As a nice side offect, when you start VE with 2 VCPUs, later add 3-rd, it's idle time will start ticking from the moment of addition.

OpenVZ Bug #366.


Patch from Alexey Dobriyan, modified by Kirill:

When file is opened and unlinked before vzquotaon, but generic_delete_inode() is called after vzquotaon, scary message appears:

VZDQ: detached inode not in creation, orig 5, dev dm-0, inode 73828039, fs ext3
current 18761 (httpd), VE 102, time 77463.605075
[<ed79c296>] vzquota_det_qmblk_recalc+0x256/0x270 [vzdquota]
[<ed79c302>] vzquota_inode_qmblk_recalc+0x52/0x70 [vzdquota]
[<ed79c573>] vzquota_inode_data+0xb3/0xf0 [vzdquota]
[<ed79c449>] vzquota_inode_init_call+0x19/0x80 [vzdquota]
[<021fb940>] ext3_delete_inode+0x0/0x120
[<ed79e47f>] vzquota_initialize+0xf/0x20 [vzdquota]
[<0219d983>] generic_delete_inode+0x173/0x190
[<021996f6>] dput_recursive+0x56/0x230
[<0217f333>] __fput+0x123/0x1b0
[<0217d4c2>] filp_close+0x52/0xa0
[<0217d57a>] sys_close+0x6a/0xa0

However, there is no need to scary admin:
1) inode is in I_FREEING state.
2) vzquota never saw inode before, thus it doesn't know what to do with it.
3) inode was unlinked outside of vzquota area of interest, otherwise -EBUSY would have returned on quotaon.

So, do nothing and let inode silently die.

Many thanks to Alexey Kuznetsov for spelling out reliable testcase.

OpenVZ Bug #116
OpenVZ Bug #177
OpenVZ Bug #341
Bug #60532.
Bug #61431.
Bug #55275.


Patch from Denis:

Hide the content of /proc/net/sockstat rather than the file itself to keep sysstat from crashing.

Bug #72587.


Patch from Denis:

This patch fixed dcache accouting turning off. ub_dentry_walk does not guarantee the order it meets dentry leafs and nodes.

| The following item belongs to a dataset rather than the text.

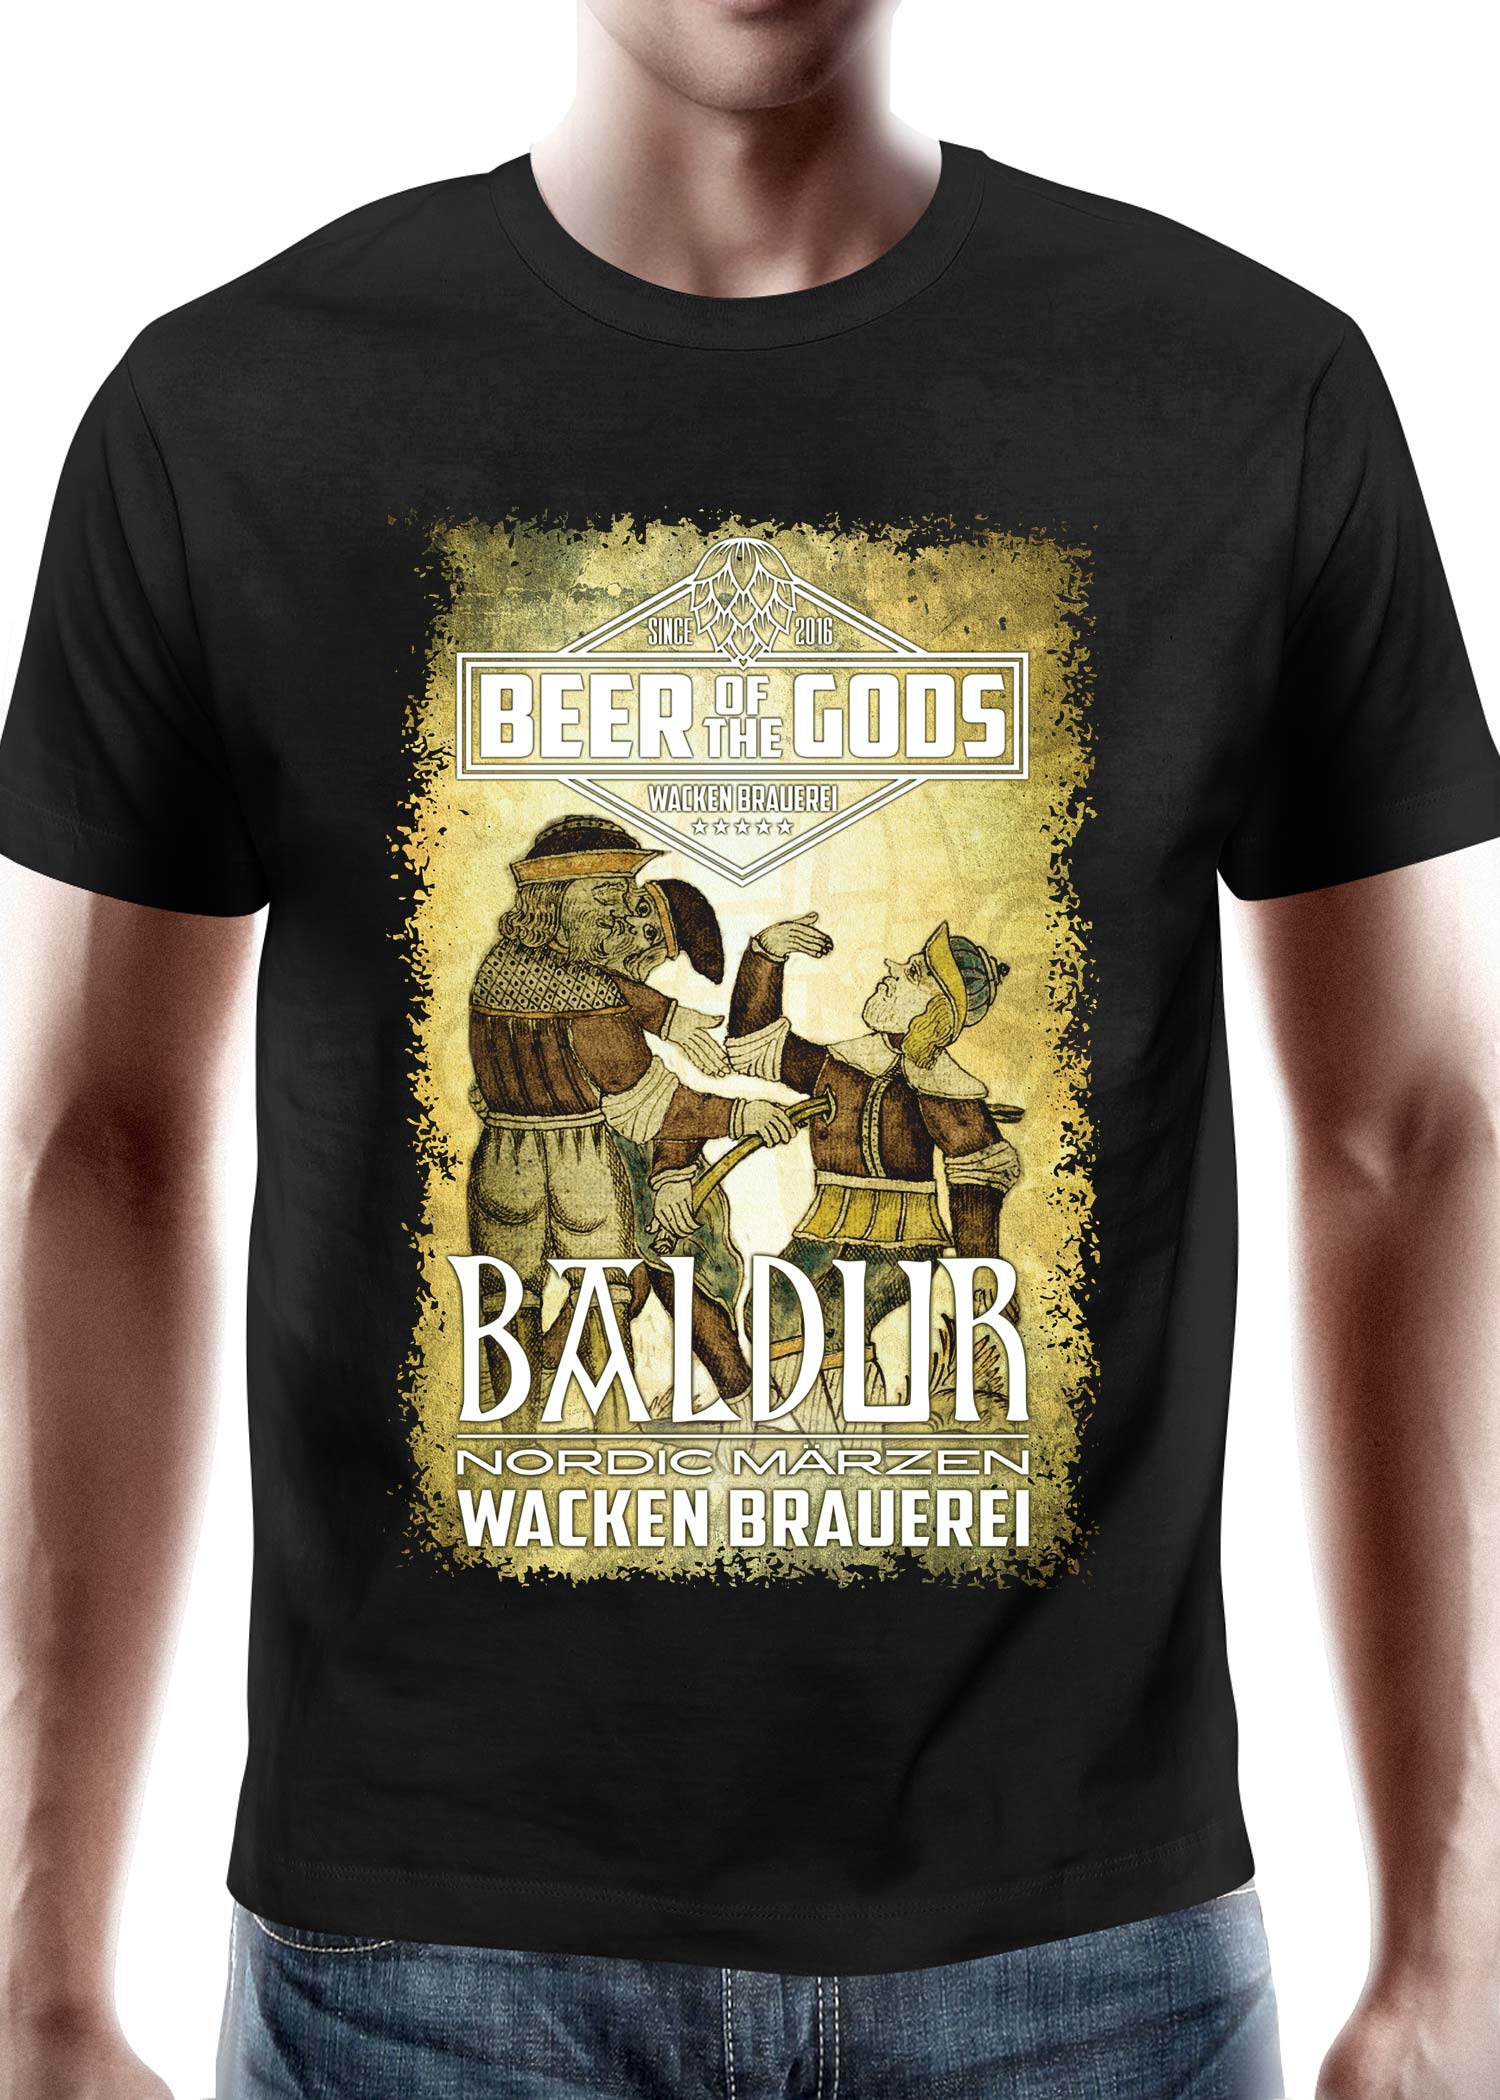 Baldur - Wacken Brauerei, T-Shirt, Größe XXL

So, just set d_inuse to -1 and uncharge all at once.

Bug #72730.


Patch from Denis:

tcp_v4_get_port fixed. Treat local_port_range[0] > local_port_range[1] as local_port_range[1] == local_port_range[0].

Bug #72736.


Patch from Dmitry Monakhov:

ext3_journal_stop() should be called after ext3_prepare_failure() unconditionally. i.e. always stop.